With a rise in global trade and a focus on international development, the past two decades have seen increased attention to the worldwide problem of corruption. With that attention have come efforts to measure the degree of corruption from one country to another.
A great deal hinges on these assessments — practical matters such as investment decisions and access to financing, but also collective narratives about different parts of the world, the challenges they face, and the risks they present.
Given the importance of this issue, our current tools for measuring corruption leave something to be desired. The most prominent corruption indexes make use of an “aggregation” technique in which a number of individual country-level assessments are gathered, their scores adjusted to a common scale, and the average of those adjusted score taken to yield each country’s rating. Some models ascribe greater or lesser weight to certain inputs, but the idea is the same: the overall level of corruption is gauged by adding together individual indicators of corruption.
We can think of this as a linear model of corruption: as any given indicator goes up or down, so does the total score. But corruption isn’t necessarily a linear phenomenon.

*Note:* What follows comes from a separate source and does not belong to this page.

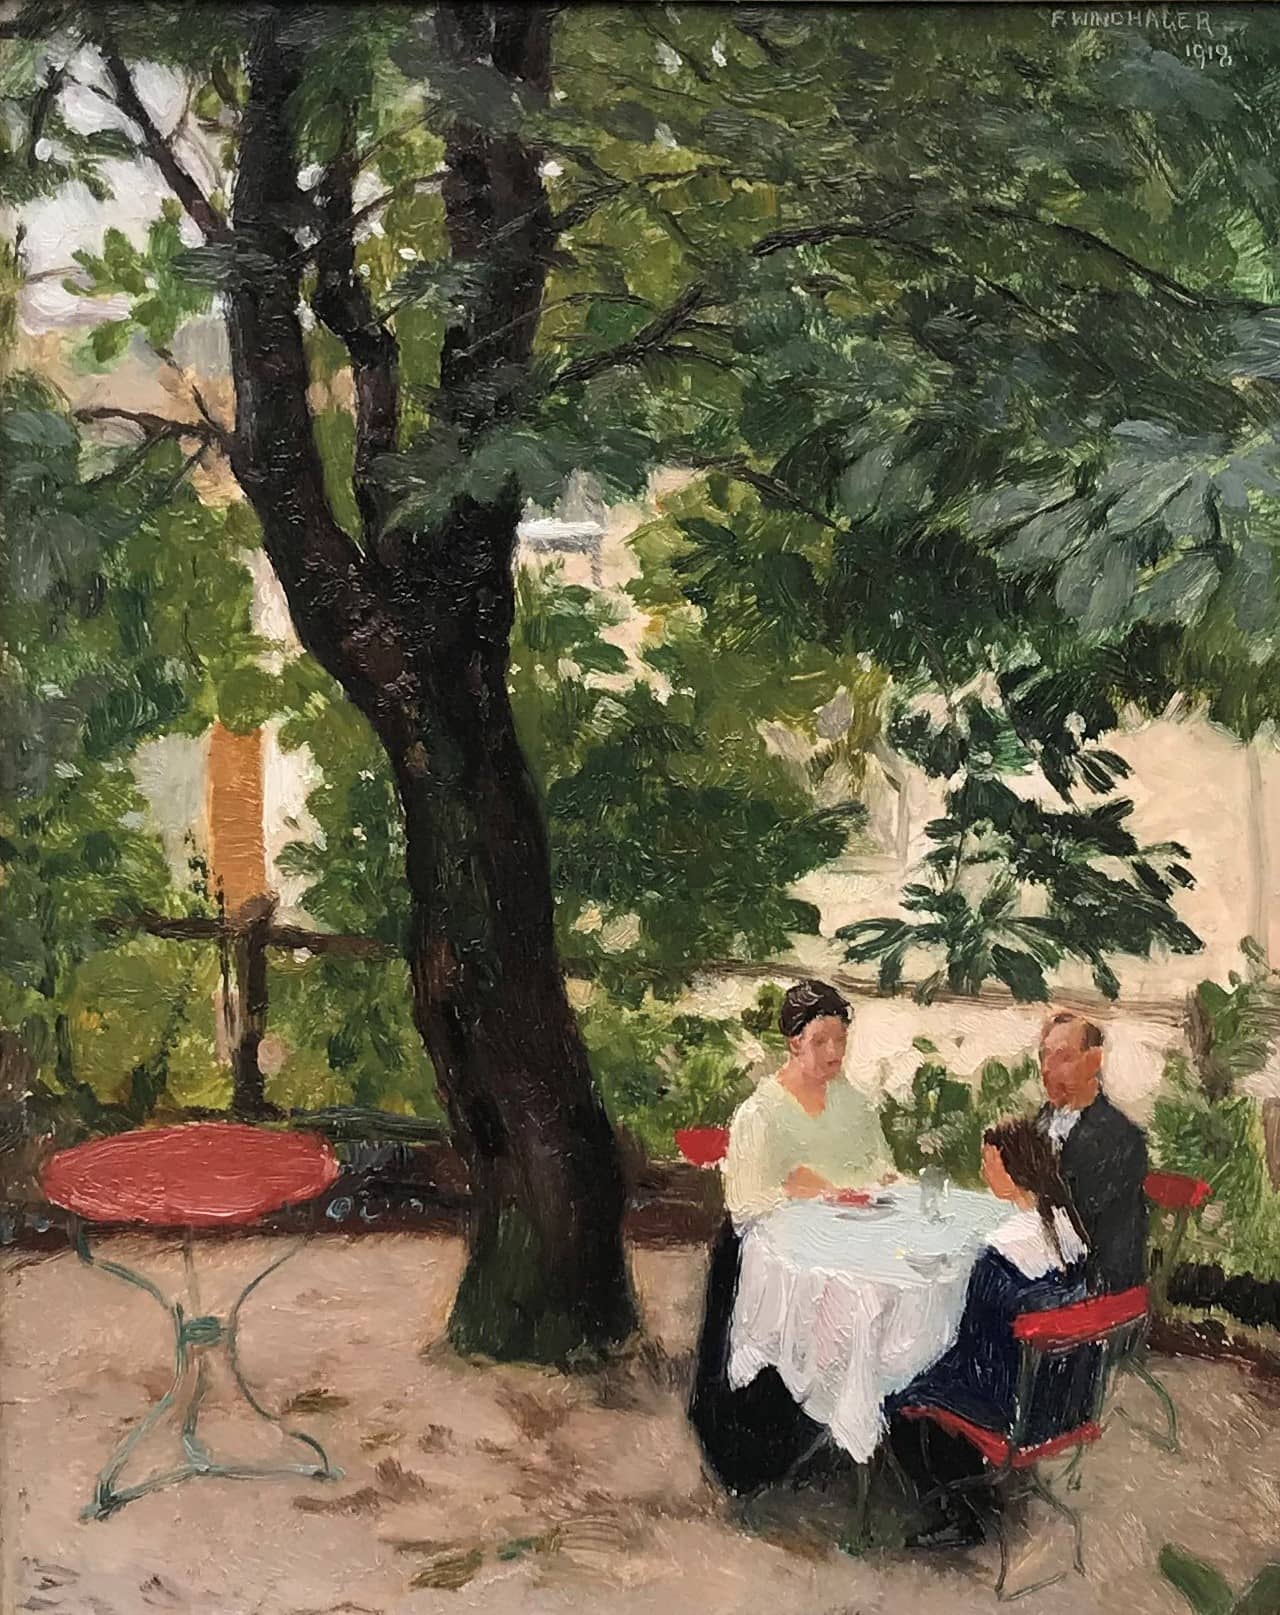 Windhager's Dining on a terrace. Set in an outdoor cafe in Austria, a well-dressed couple and their daughter prepare for lunch. Large tree in the background.

For one thing, there are different kinds of corruption — ranging from petty bribe demands directed at the populace to sweetheart deals and “back-scratching” to grand kleptocracy — each with its own set of potential drivers and enablers.

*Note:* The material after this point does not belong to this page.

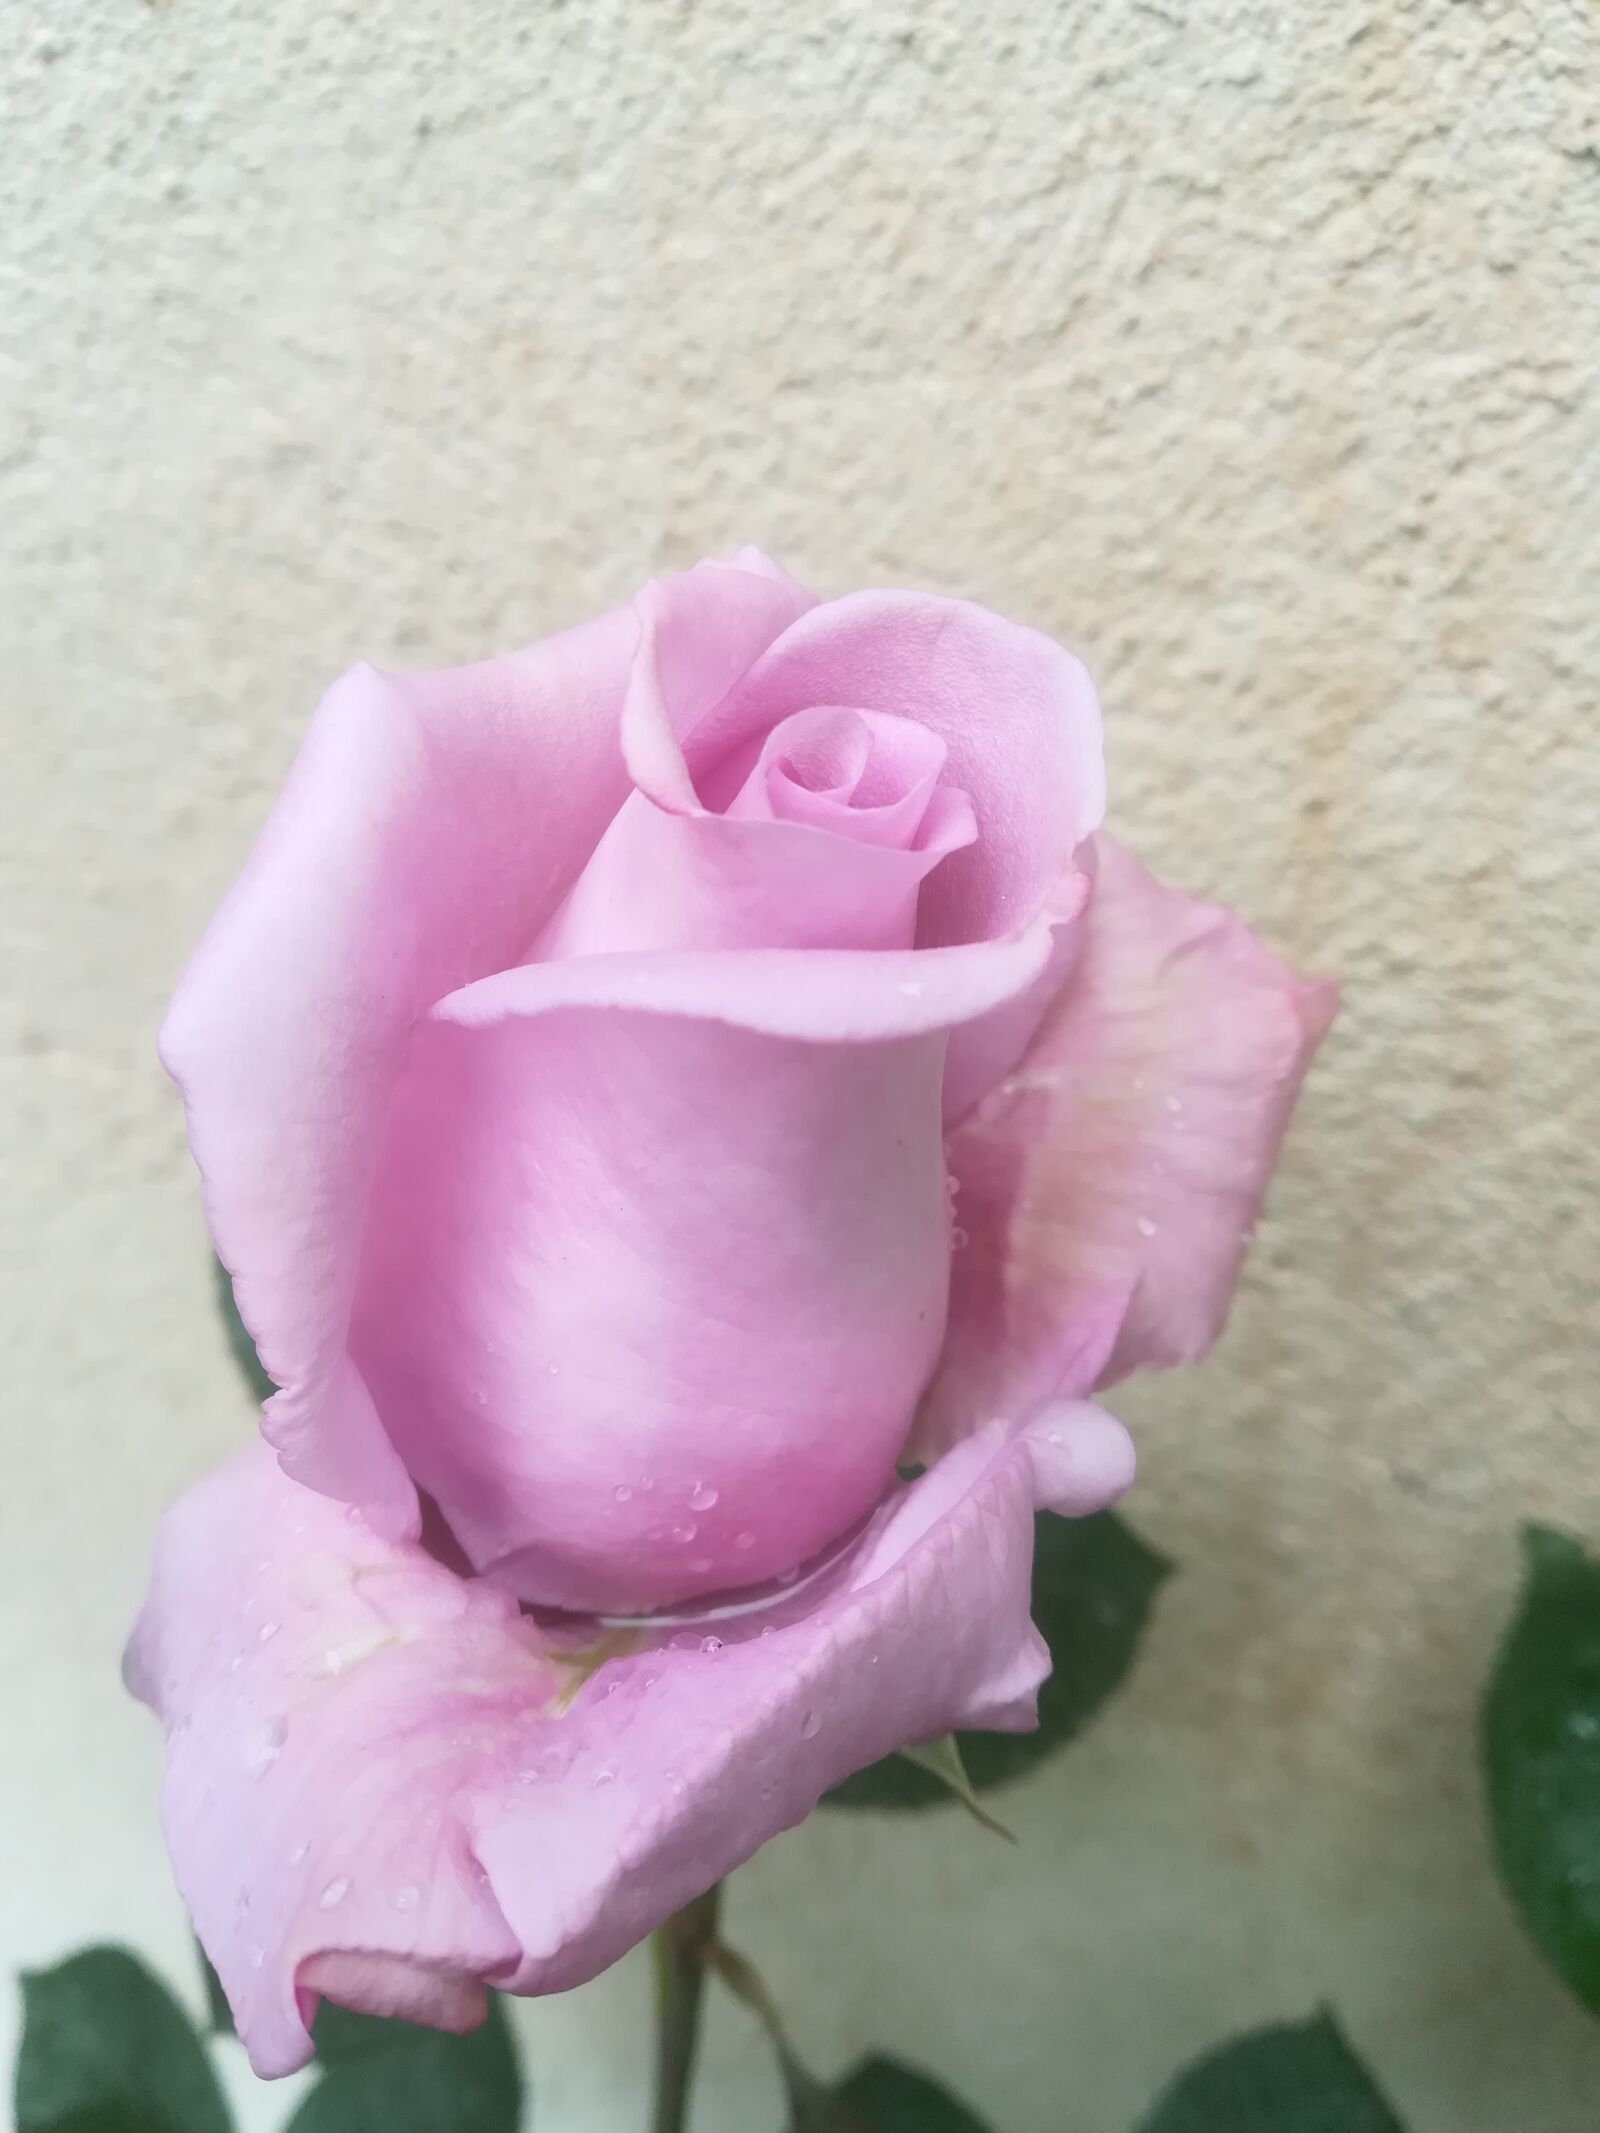 HUAWEI P10 lite sample photo. Rose, purple, color photography

Different orders of corruption interact in various ways — corruption at the head of government fostering a corrupt environment throughout; mid-level officials demanding a cut of bribe payments extracted by low-level officials under pressure to meet their “quotas” — and will be subject to differing political and social dynamics. Just asking “how corrupt” a country is may not be the best approach to understanding these dynamics.

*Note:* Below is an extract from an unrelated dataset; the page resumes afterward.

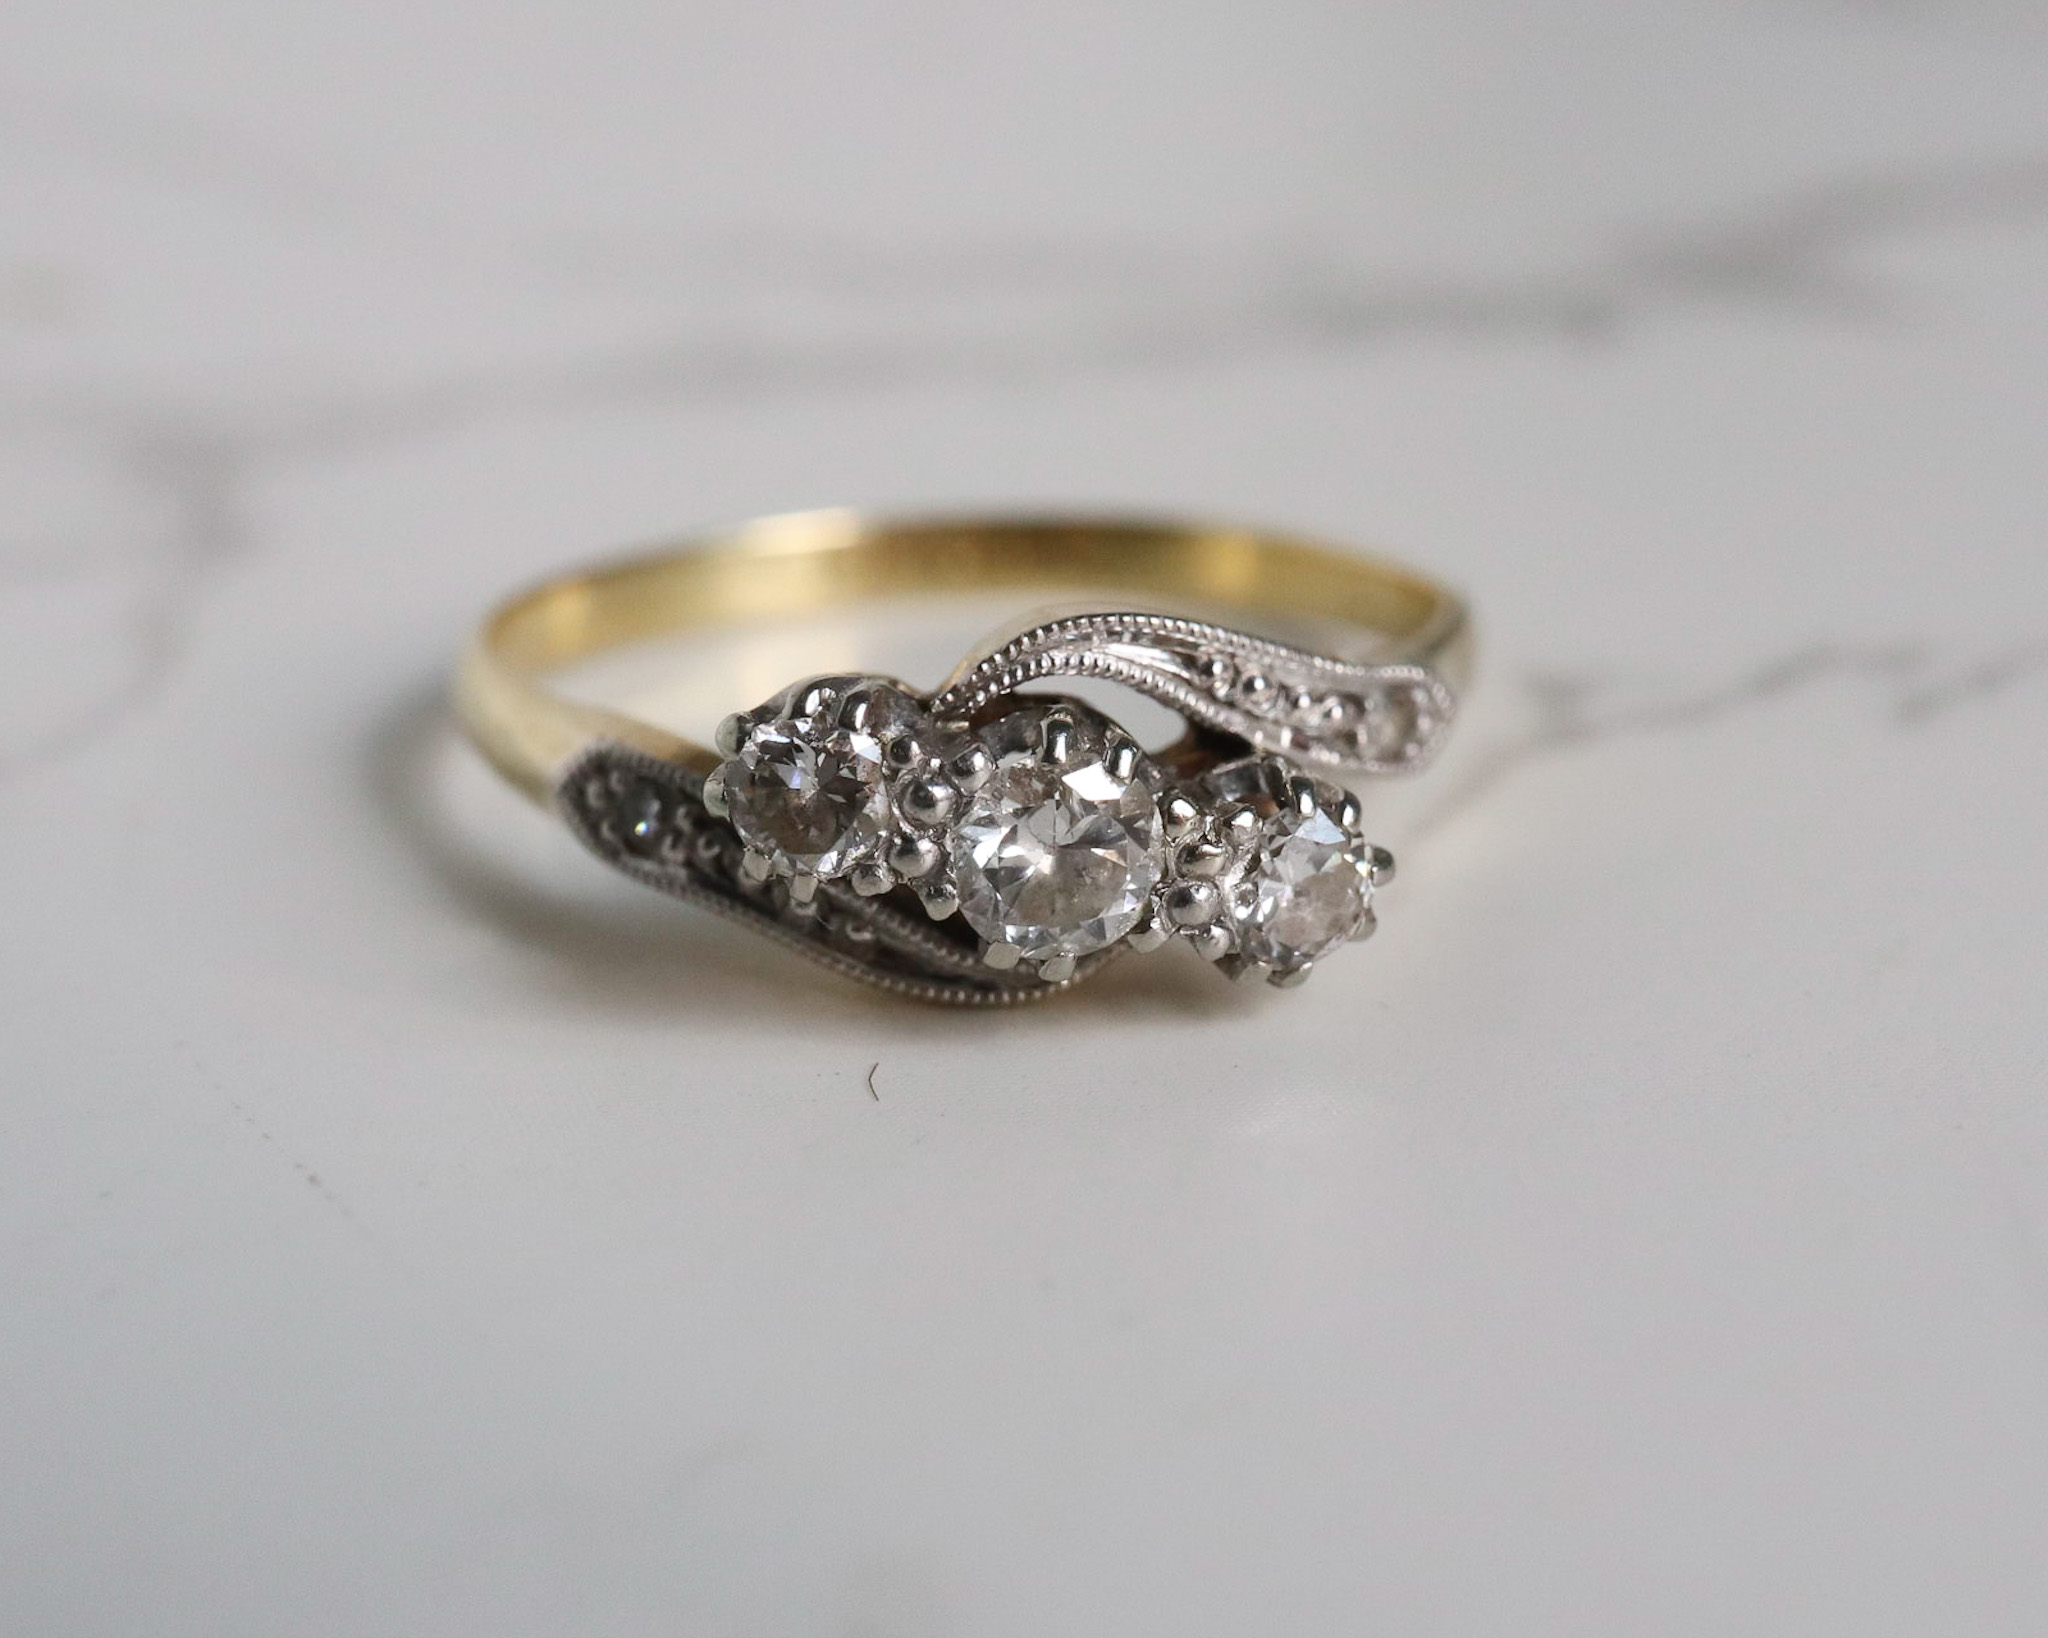 Antique Art Deco diamond three stone twist ring in 18ct yellow gold and platinum for sale in Leeds, Yorkshire

At the same time, in thinking about what causes corruption it is easy to slip into certain normative assumptions. From the perspective of liberal democracy, the struggle against corruption is made possible by a free and active press, transparency in government, and robust civic engagement. But if an authoritarian regime decides that it will not tolerate bribery of its officials, its deterrence measures may be every bit as effective (if not more so) as those liberal institutions.
These observations are at best anecdotal. In terms of rigorous analysis, our understanding of corruption and how to measure it remains underdeveloped. Improving that understanding requires an interdisciplinary approach, drawing upon economics, law, political science, sociology, statistics, and data science.
In producing its annual Bribery Risk Matrix, TRACE aims to utilize not only the best data, but also the most nuanced and current thinking about the causes and indicators of bribery risk. To that end, we have convened a working group of leading anticorruption scholars — political scientists Alexander Cooley, Dan Hough, and Michael Johnston, economist and statistician Enrico Giovannini, and professor of law and economics Tina Søreide. Meeting monthly over the course of a half-year, the group works to study, discuss, and model the societal, political, and economic factors that contribute to bribery risk.
While our initial aim in convening the working group is to develop incremental improvements to the Bribery Risk Matrix methodology, our overall goal is longer-term. Whether in media discussions or in academic literature, we rely too much on simplistic assessments of corruption, and we can be overly preoccupied with the “horse race” aspect of country rankings. By initiating a deeper inquiry into questions of measurement, comparison, and how we talk about corruption, we hope to contribute to improving public discourse, private-sector engagement, and scholarly analysis.